В родном углу. Как жила и чем дышала старая Москва - Сергей Николаевич Дурылин
Шрифт:
Интервал:
Закладка:
Преображенский позволял мне кое-что, чего не позволялось в гимназии.
Однажды он задал домашнее сочинение на тему – что-то вроде «Воскресный день» или «Праздничный день». Вместо обычного сухо-казенного «описания» с предварительным «планом» я подал ему в тетрадке для «письменных работ» народную сценку при выходе из церкви в праздничный день, взятую с натуры, из приволжской деревни Ярославской губернии, где я провел лето. Я не читал еще тогда ни «Народных сцен» И. Ф. Горбунова[247], ни деревенских сцен Николая Успенского[248], но меня поразила живость и яркость тех прибауток, праздничных словечек, метких прозвищ, которыми парни и девки осыпали друг друга при выходе из церкви. Тут же пофыркиванье лошадок, веселый звон с колокольни, степенное «здравствование» бородатого кума с дородной кумой в золотистом полушалке, заунывное пение слепых с шустрым мальчонкой-поводырем. И тут же надо всем щедрое солнце, летучие светлые облака. А вдали – широкая Волга.
Я попытался выразить все это так, как виделось, слышалось это там, на Волге летом, без казенных прописей и благонамеренных рассуждений.
Думалось и так и сяк – и примет, и не примет Преображенский такое вольное сочинение.
Но он принял, похвалил и, помнится, сказал что-то ободряющее по поводу моего «литературного опыта», но тут же легонько предостерег от заимствования из повседневной речи слишком натуральных выражений и словечек.
В этом он, конечно, был прав.
И в дальнейшем он не избегал беседовать со мной в классе на темы литературные и филологические, но и не искал этих бесед.
Дивлюсь теперь, что ни я, ни кто другой никогда не слышали от нашего учителя о его знаменитом ученике – об академике А. А. Шахматове[249], окончившем 4-ю нашу гимназию в 1883 году с серебряной медалью. А ведь еще со школьной скамьи этот ученик Преображенского участвовал в ученых диспутах в университете и вызвал одобрение такого ученого, как И. В. Ягич[250]. Почему Преображенский ни разу не погордился таким учеником, ни разу не поставил его в пример нам, кто так плохо внимал «примечаниям» своего учителя? До сих пор не могу этого понять.

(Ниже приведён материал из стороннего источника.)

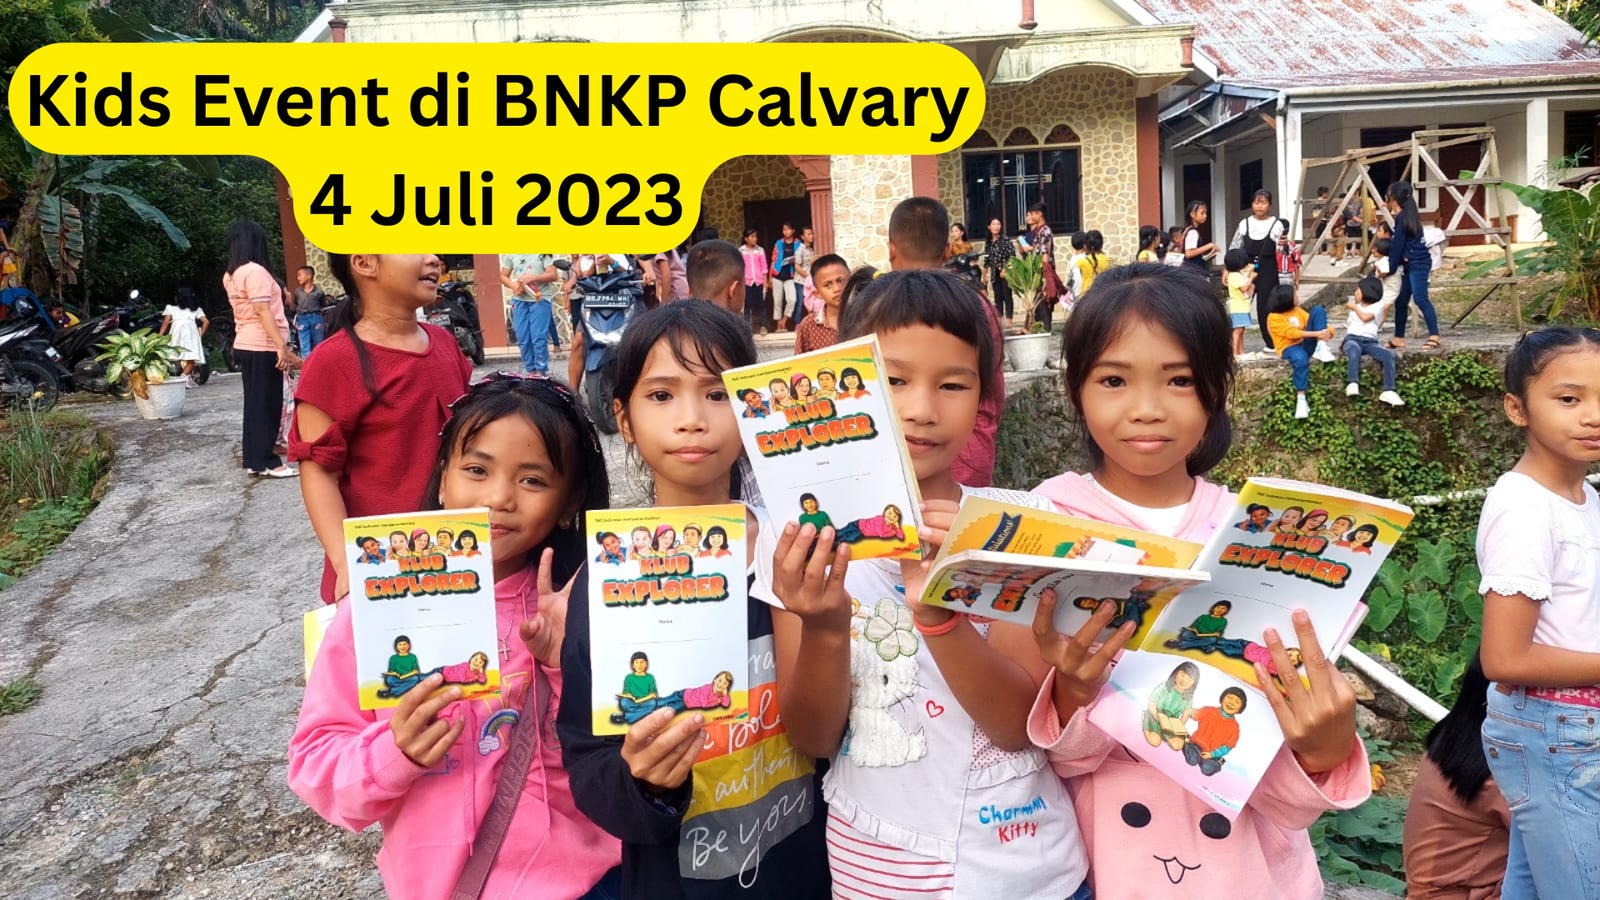 Kids Event di BNKP Calvary 4 Juli 2023

Или, может быть, Преображенскому пришлось бы тут воздавать честь «ученику от побежденного учителя», а он этого не хотел?
Любопытно, что в предисловии к своему синтаксису он ссылается как на пособия на труды Буслаева, Востокова[251], Потебни[252], Корша[253], Соболевского – того самого А. И. Соболевского[254], который был уязвлен на своем магистерском диспуте замечаниями гимназиста Шахматова, – и не ссылается на труды академика А. А. Шахматова[255]. Не может же быть, что Преображенский ими не пользовался!
Приходится покаяться.
Гимназисты умели пользоваться склонностью Преображенского к науке о русском языке. Иной раз принесут в класс какую-нибудь редкую книгу, как бы невзначай подложат ее к нему на столик. Александр Григорьевич развернет книгу, задержится на одной, другой странице – и сама собой завяжется беседа об этой книге, ее авторе, издателе, глядишь, на это и уйдет минут пятнадцать из урока. Помню, я раз подсунул ему так рукопись «Сон Богородицы» – он долго говорил об апокрифах. В другой раз кто-нибудь из товарищей шепнет мне перед уроком: «Заговори подольше Запятую». Почти никто не готовил ему проклятые эти «юсы». Исполняя просьбу товарищей, заводишь, бывало, с Запятой некий филологический разговор, стремясь вызвать его на как можно более длинные «примечания», или закинешь удочку вопросом по истолкованию темного места в каком-нибудь памятнике древней словесности – и бедный Александр Григорьевич отдается «слов течению», полагая, что утоляет словесную жажду своего ученика, любителя российской словесности.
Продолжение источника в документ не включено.